Since this has been here a while and I just cannot resist:
dr/dt= kr(1000- r)
dr/[r(1000-r)]= kdt
To integrate on the left, separate using "partial fractions"- find constant A and B such that 1/[r(1000- r)]= A/r+ B/(1000- r)
Multiplying on both sides by r(1000- r)
1= A(1000- r)+ Br
Let r= 0: 1= 1000A so A= 1/1000.
Let r= 1000: 1= 1000B so B= 1/1000
1000 dr/r+ 1000 dr/(1000- r)= kdt
The integral of 1000 dr/r is 1000 ln(|r|).
To integrate 1000 dr/(1000- r) let u= 1000- r so that du= -dr.
then dr/(1000- r)= -du/u.
The integral is -1000 ln(|u|)= -1000 ln(|1000- r|)
We have 1000 ln(|r|)-1000 ln(|1000- r|)= kt+ C.
$1000 ln\left(|\frac{r}{1000- r}|\right)= kt+ C$
$ln\left(\left(\frac{r}{1000- r}\right)^{1000}\right)= kt+ C$
(I have dropped the absolute value since this is to an even power.)

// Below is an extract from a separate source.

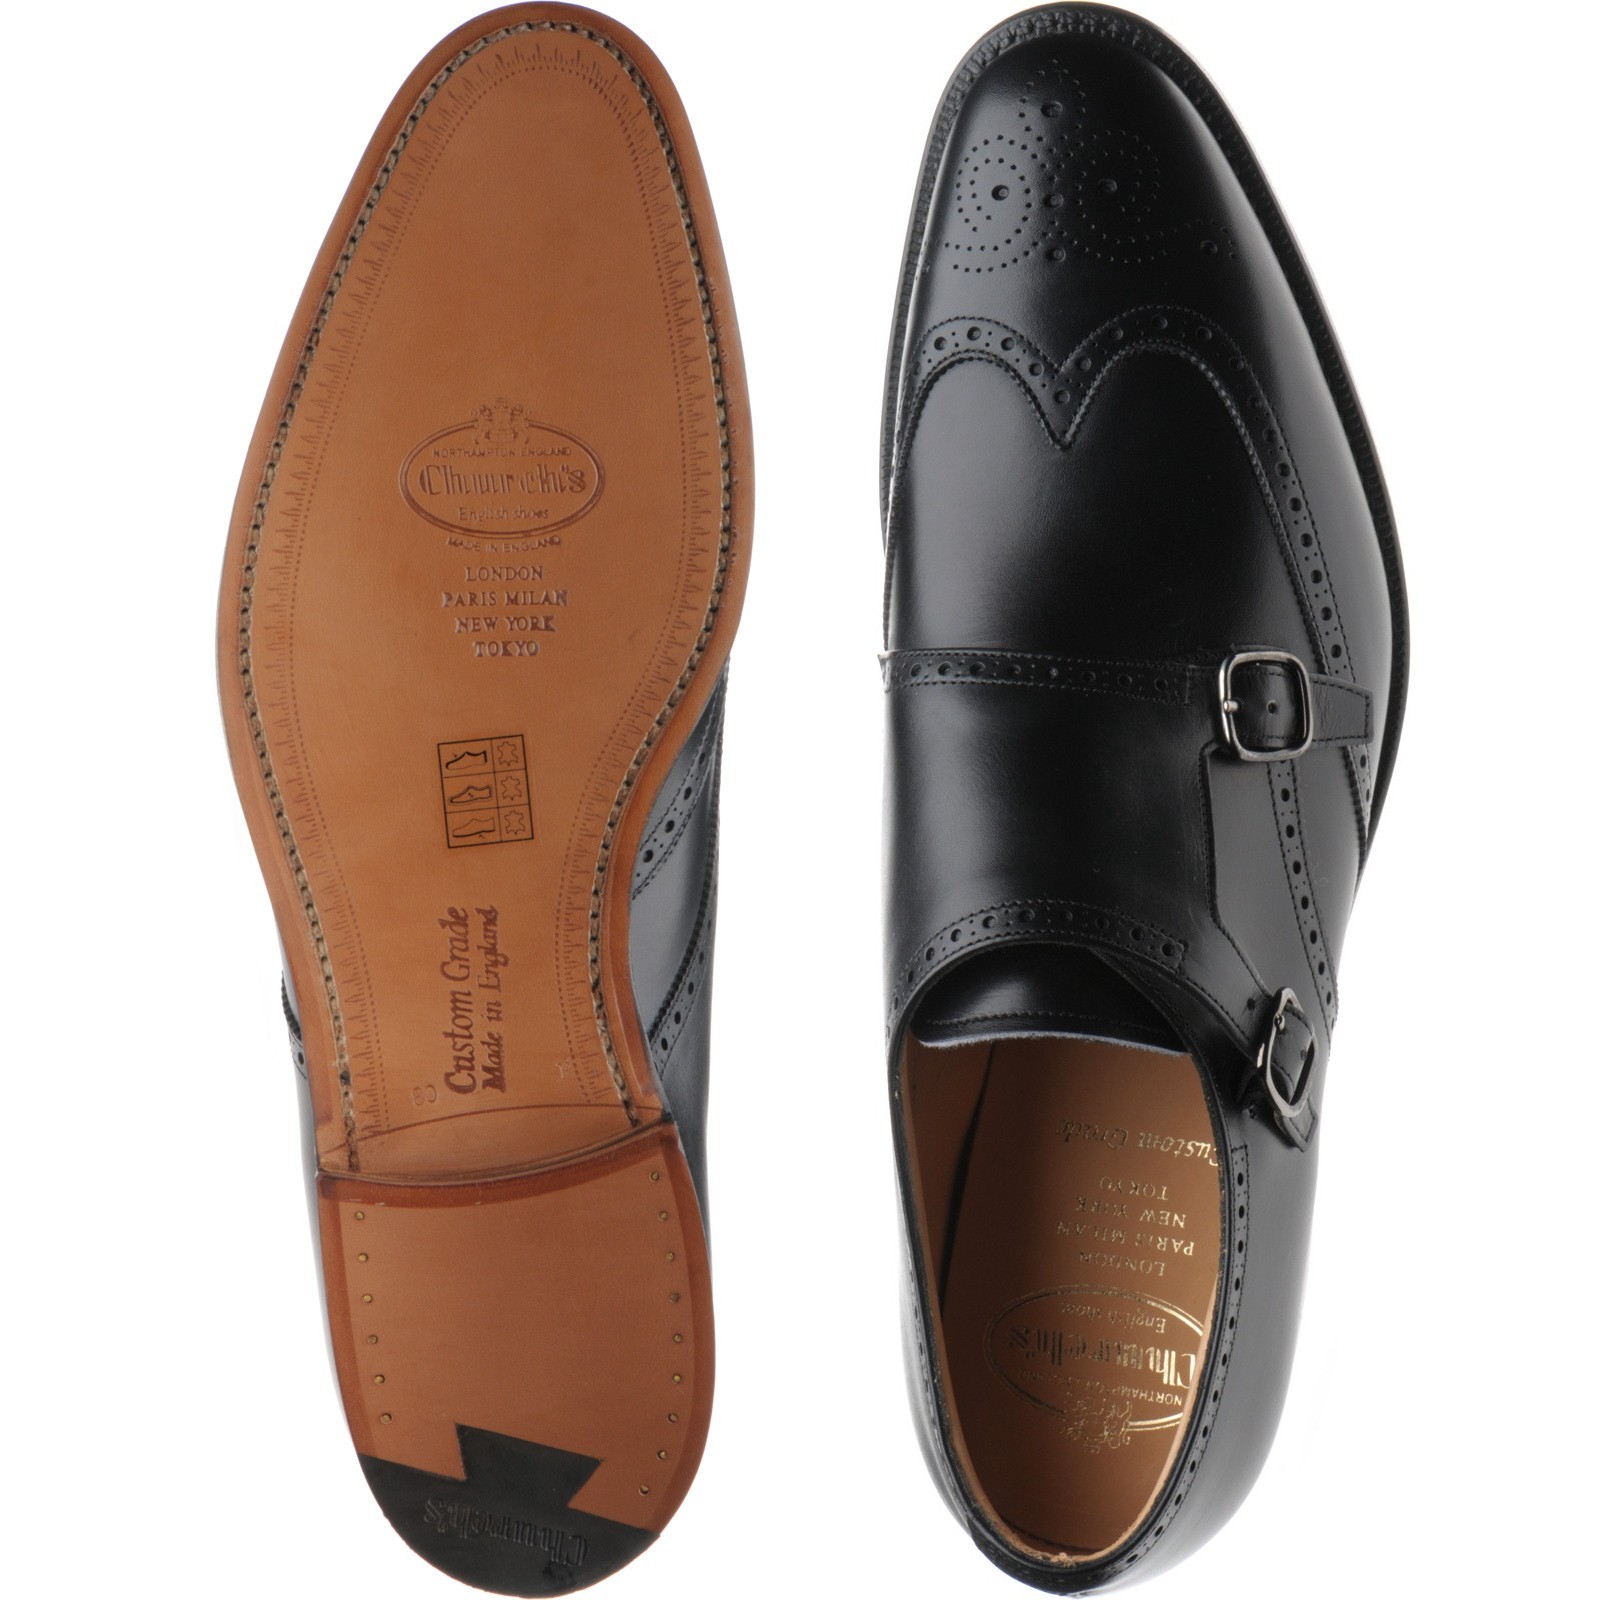 Church shoes | Church Office | Chicago in Black Calf at Herring Shoes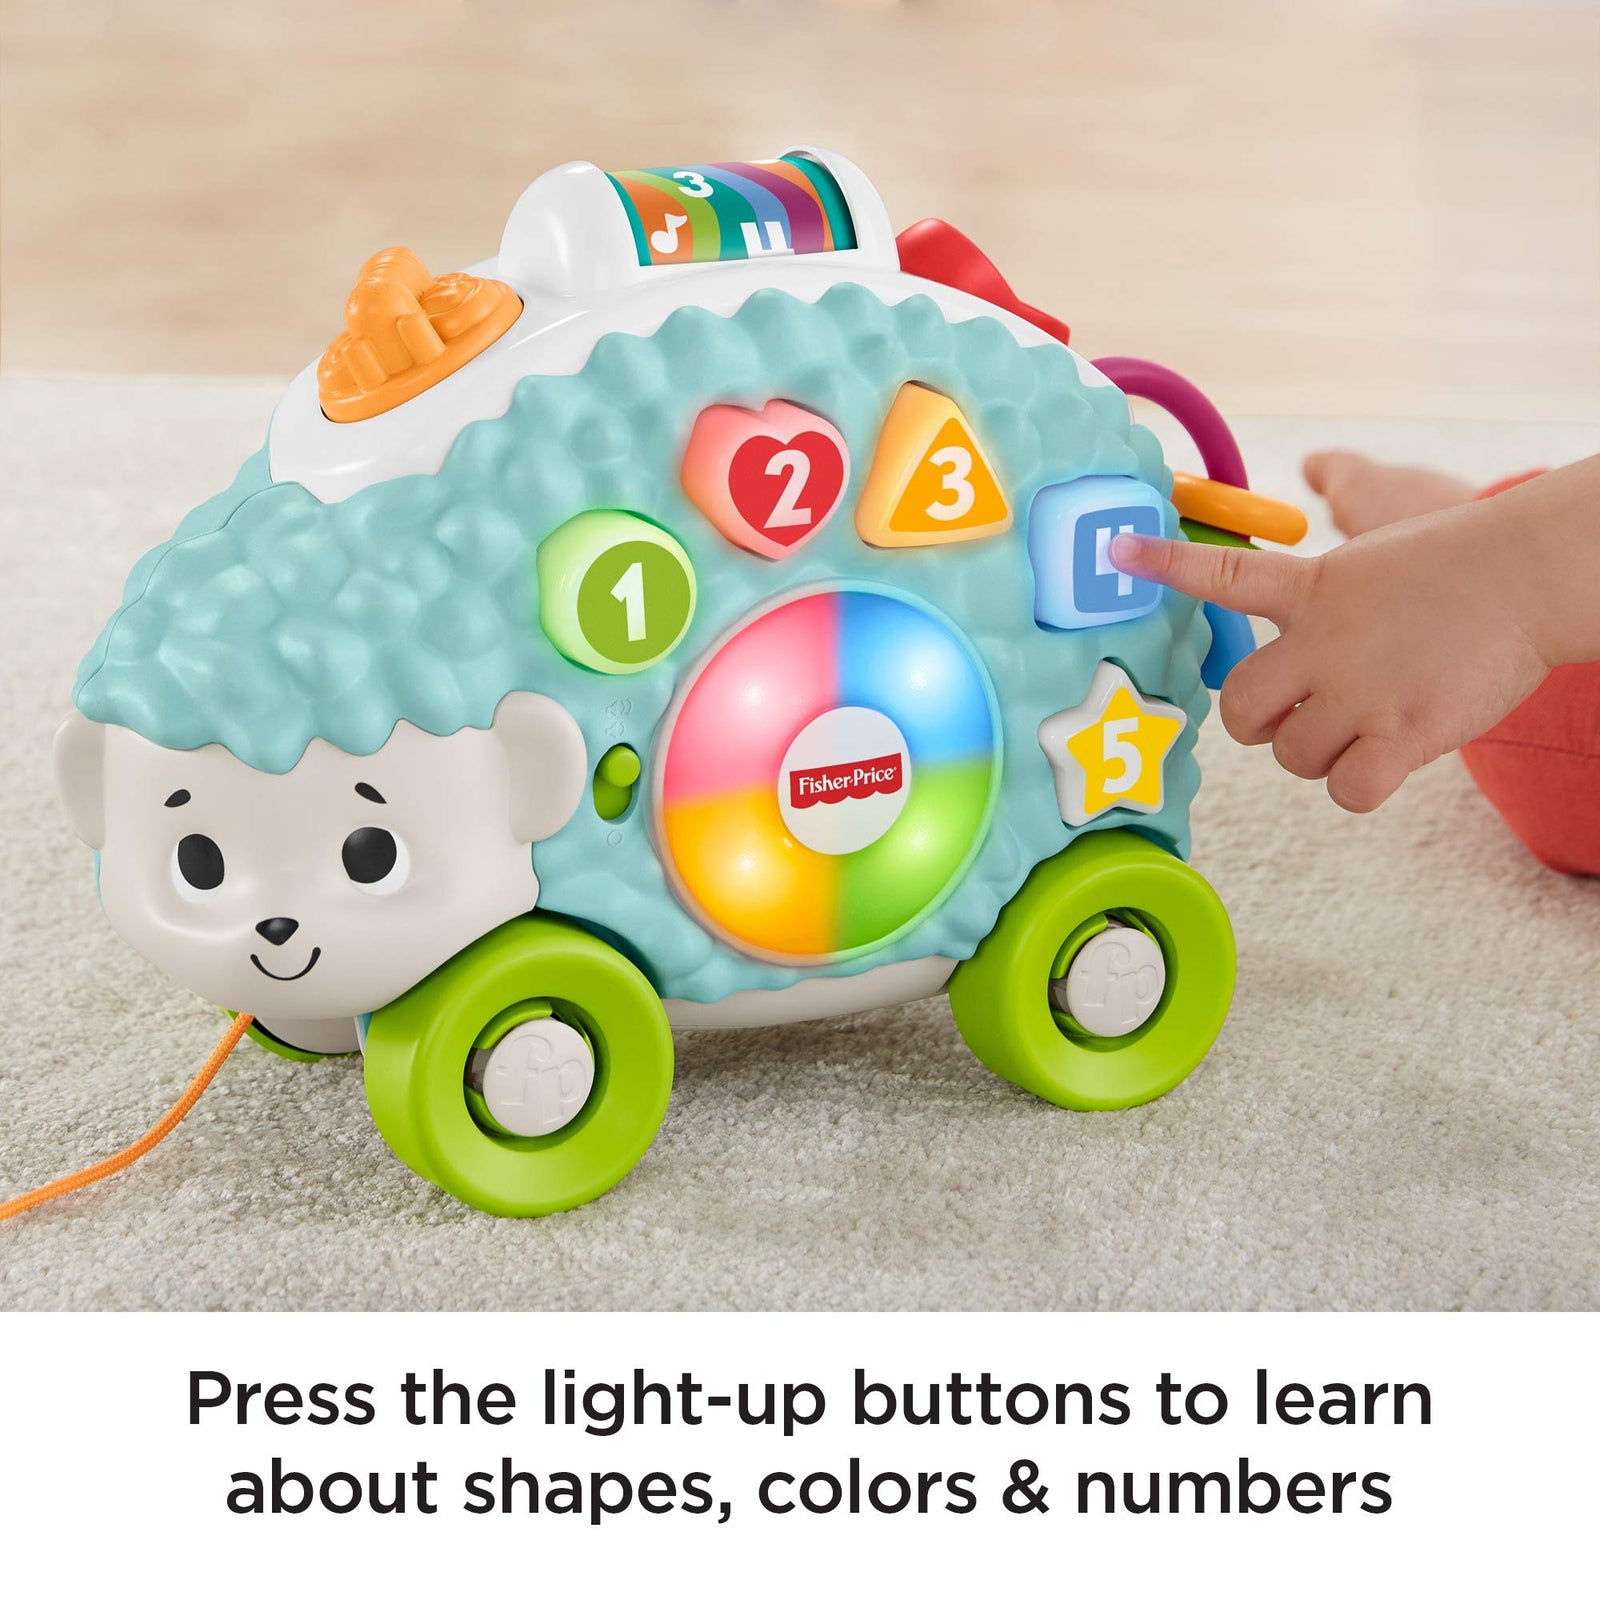 Fisher-Price Linkimals Happy Shapes Hedgehog - Interactive Educational Toy with Music and Lights for Baby Ages 9 Months & Up, Multi Color

Taking the exponential of both sides
$\left(\frac{r}{1000- r}\right)^{1000}= C' e^{kt}$
where $C'= e^C$.
Now, we are given that r(0)= 5 and r(1)= 10.
Setting t= 0, r= 5
$\frac{5}{9995}= \frac{1}{1999}=C'$
Setting t= 1, r= 10
$\frac{10}{9990}= \frac{1}{999}= \frac{e^k}{1999}$
$e^k= \frac{1999}{999}$
so $k= ln\left(\frac{1999}{999}\right)$
and $e^{kt}= (e^k)^t= \left(\frac{1999}{999}\right)^t$
$r(t)= \frac{\left(\frac{1999}{999}\right)^t}{1999}$.